組織としての青年部と各部員を繋ぐうえで重要な要因に部員同士の結束力と会員拡大は必要不可欠です。定年制の組織の宿命とも言えますが、新たな会員を迎え入れなければ衰退してしまいます。では拡大の真のゴールはどこにあるかという事になりますが、それは自然に入会してくる環境を構築する事です。その為には入会希望者が何を欲し、何を望み、どのようなことに価値を見出すのかを熟知していなくてはなりません。この課題を解決するには我々が体現出来ていれば自然と入会してくる状態を構築することが出来るはずです。その鍵となるのは、結束力と笑顔の数です。笑門来福ではありませんが、人は楽しそうな事に惹かれます。これは我が国の神話にもエピソードがあるほどの真理の一つではないでしょうか。交流の中で多くの笑顔を作り、結束力が育まれ、そこに人が集い行動を起こせる組織へと進化していけるはずです。

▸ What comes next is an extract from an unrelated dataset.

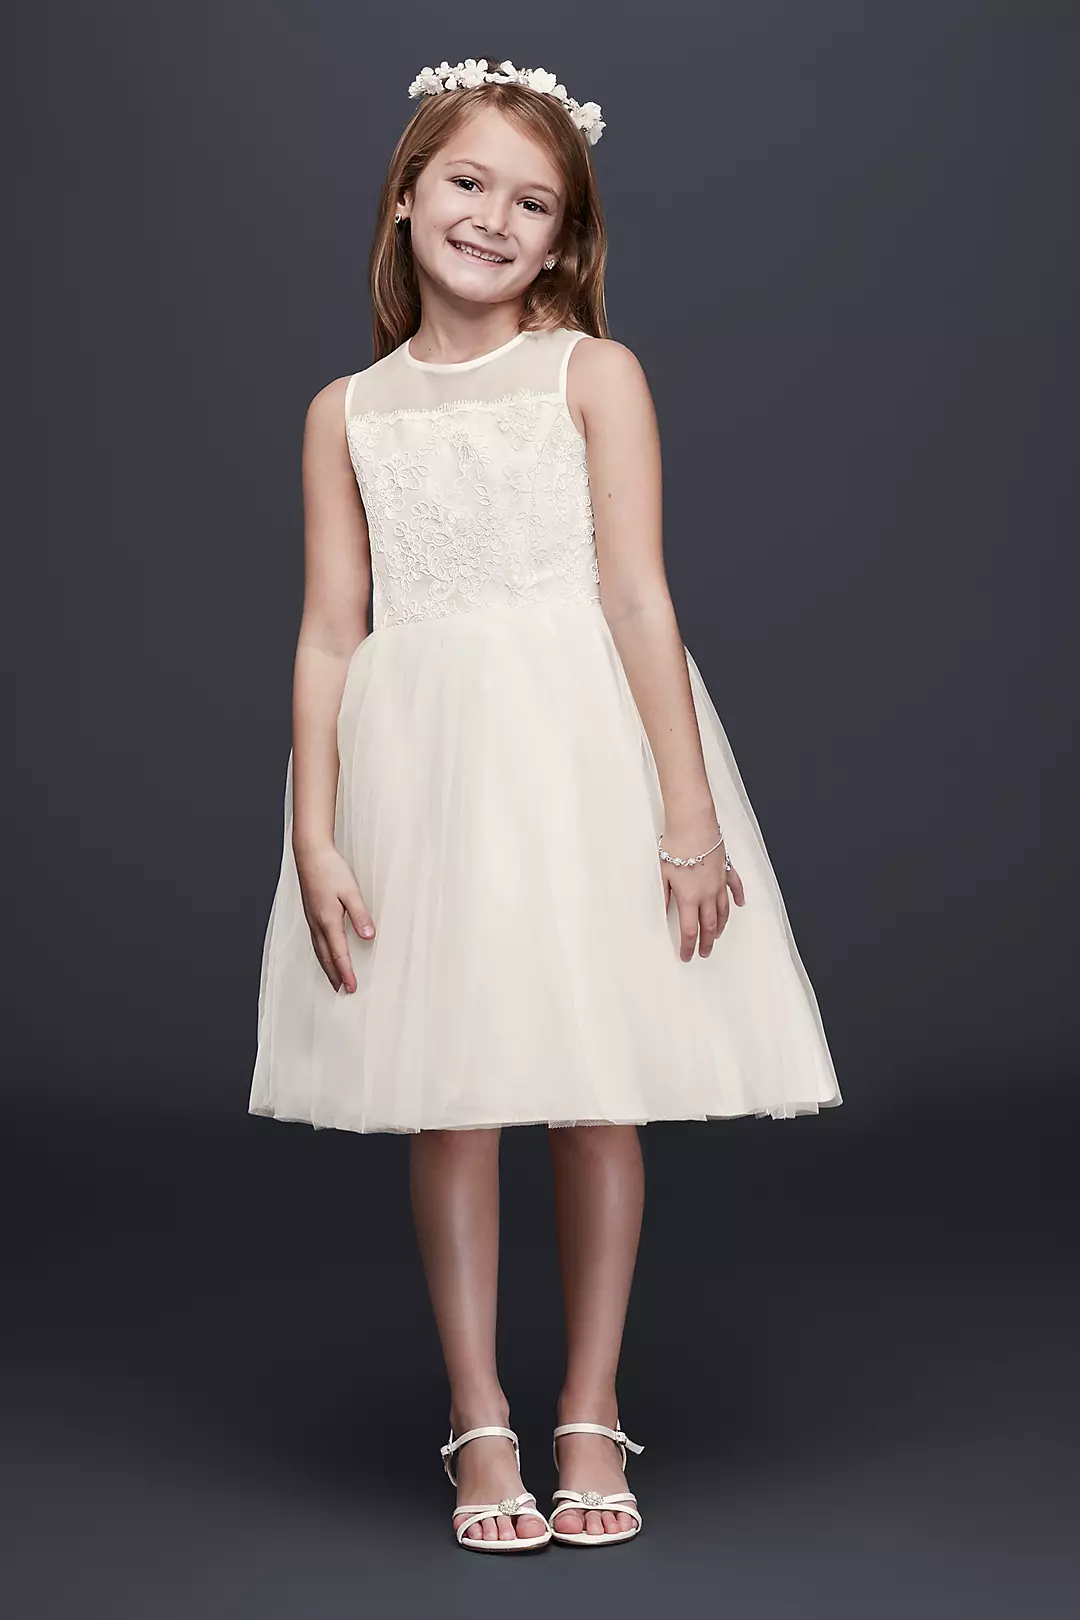 Corded Lace Flower Girl Dress with Tulle Skirt Image

その様な組織の運営に必要なのが情報です。現代社会において情報の早さと公開・発信は必要不可欠な物となりました。SNSや情報アプリはスマートフォンの普及と共に広がりビジネスや生活にも浸透しています。これら否定するのではなく受け入れ活用する事は組織運営だけでなく、各自の事業の成功にも繋がる要因になります。常に新鮮な情報の収集はもちろんですが、事業を運営するには効果的なコンテンツやアプリを使用し有効的な情報の発信の手法を得ることは成功への近道であります。情報を武器に共に情報社会の強者となりましょう。
結びに、我々はパンデミックを経験した事により様々な様式やルールが変わりました。この2年間は起承転結で言えば結の時代だったのではないかと考えます。次に来るのは新たな起の時代です。奇しくも八千代商工会議所青年部は30周年という節目の年、過去から学び感謝の念を持って次代へ歩を進める時が来ました。まだまだ何が起きるか分からない不安もありますが、青年部としての活動が地域に市民に、そして青年部内に活力や希望を与えられるよう邁進して参ります。